Why is the building allowed to be non-sprinklered and why is there even an argument over the electrical requirements of a class 1 div 2 facility?  Is there any bite to the enforcement down there or are the codes adopted just for looks on paper?  I feel for you !


----------



## hlfireinspector (May 5, 2010)

jar546 said:
			
		

> Why is the building allowed to be non-sprinklered and why is there even an argument over the electrical requirements of a class 1 div 2 facility? Is there any bite to the enforcement down there or are the codes adopted just for looks on paper? I feel for you !

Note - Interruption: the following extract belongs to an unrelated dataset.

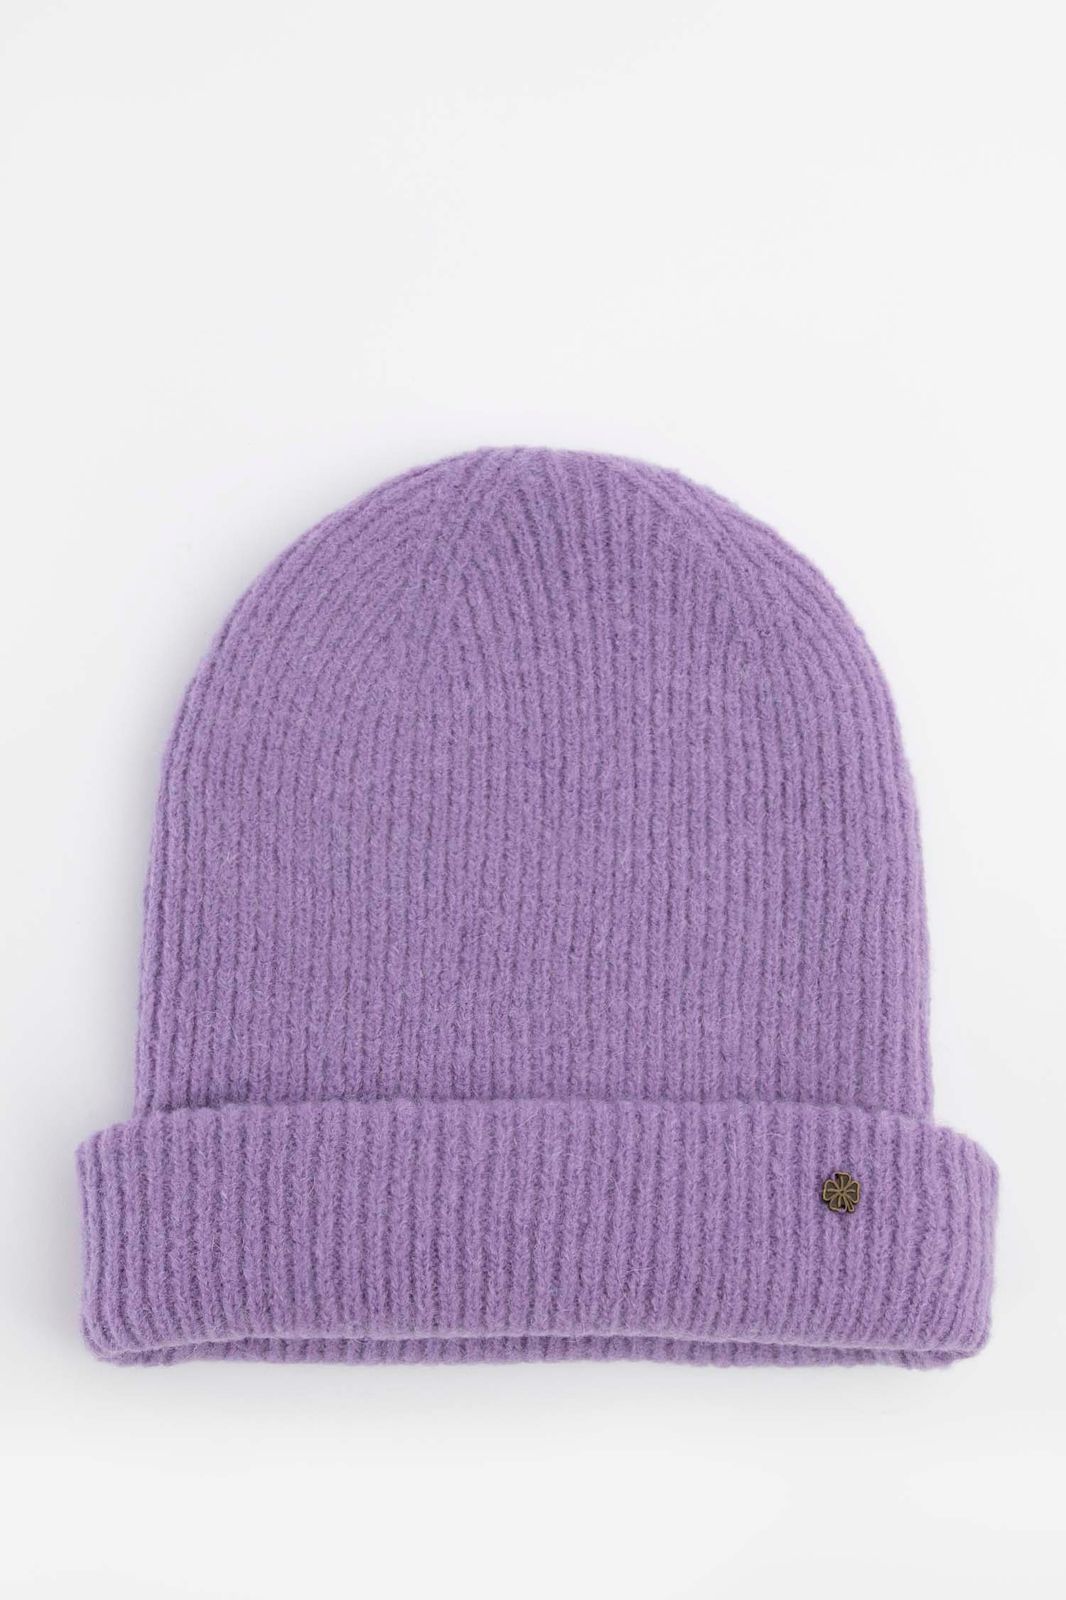 Bonnet tricoté - violet
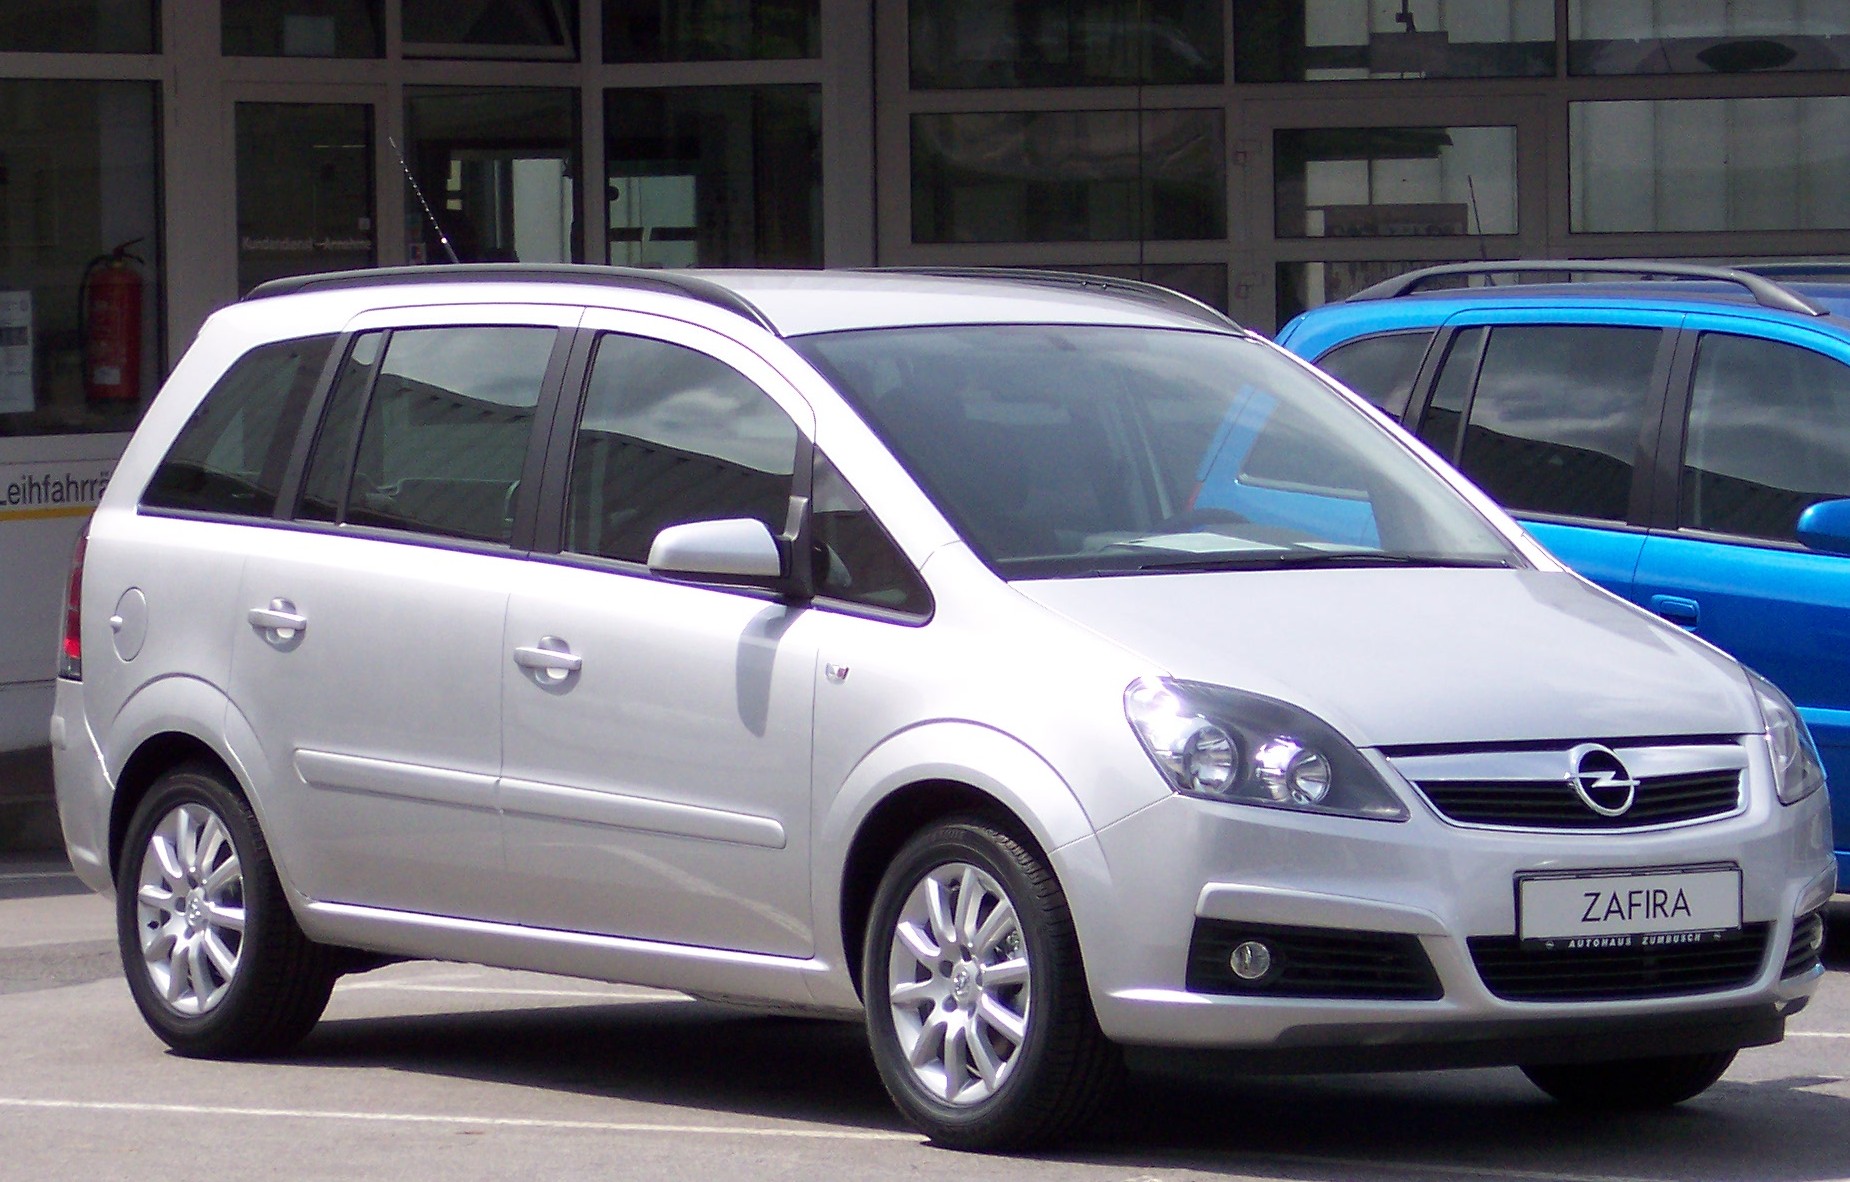 Opel Zafira â€” un modèle fabriqué par Opel. Le modèle a reçu de nombreuses critiques

Mayor and Board of Alderman upheld Fire Code and denied variance request to construct building without sprinklers. This has been a long battle and the electrical issue is still being challenged. Maybe this vote will enable me to do my job without being questioned.


----------



## peach (May 7, 2010)

well it's class 1 division something.. would the EC rather have you call it Class 1 Division 1?  Since it's classified as an H-anything, those are his two choices.


----------



## hlfireinspector (May 8, 2010)

New Battle. Total flooding dry chemical system. What say ye??????????????????????


----------



## peach (May 9, 2010)

what kind of paint IS THIS?

I don't know that I would have classified it as a hazardous location.


----------



## hlfireinspector (May 11, 2010)

H-3 electrical

Closed Cup Flash point of 57 F  Boiling point of 132-335 F  Spec. gravity of 1.3076

                      Class IB flammable liquid

Stored in 340 gal totes they say 320 gals a tote with 4 totes stored at a time

MAQ is 120 gals per Table 2703.1.1(1) with a 100% increase if sprinkle. I take it they will not get this increase with Alternative Automatic Fire-extinguishing system. Even with 4 totes at 320 gals we are at 1,280 gals.


----------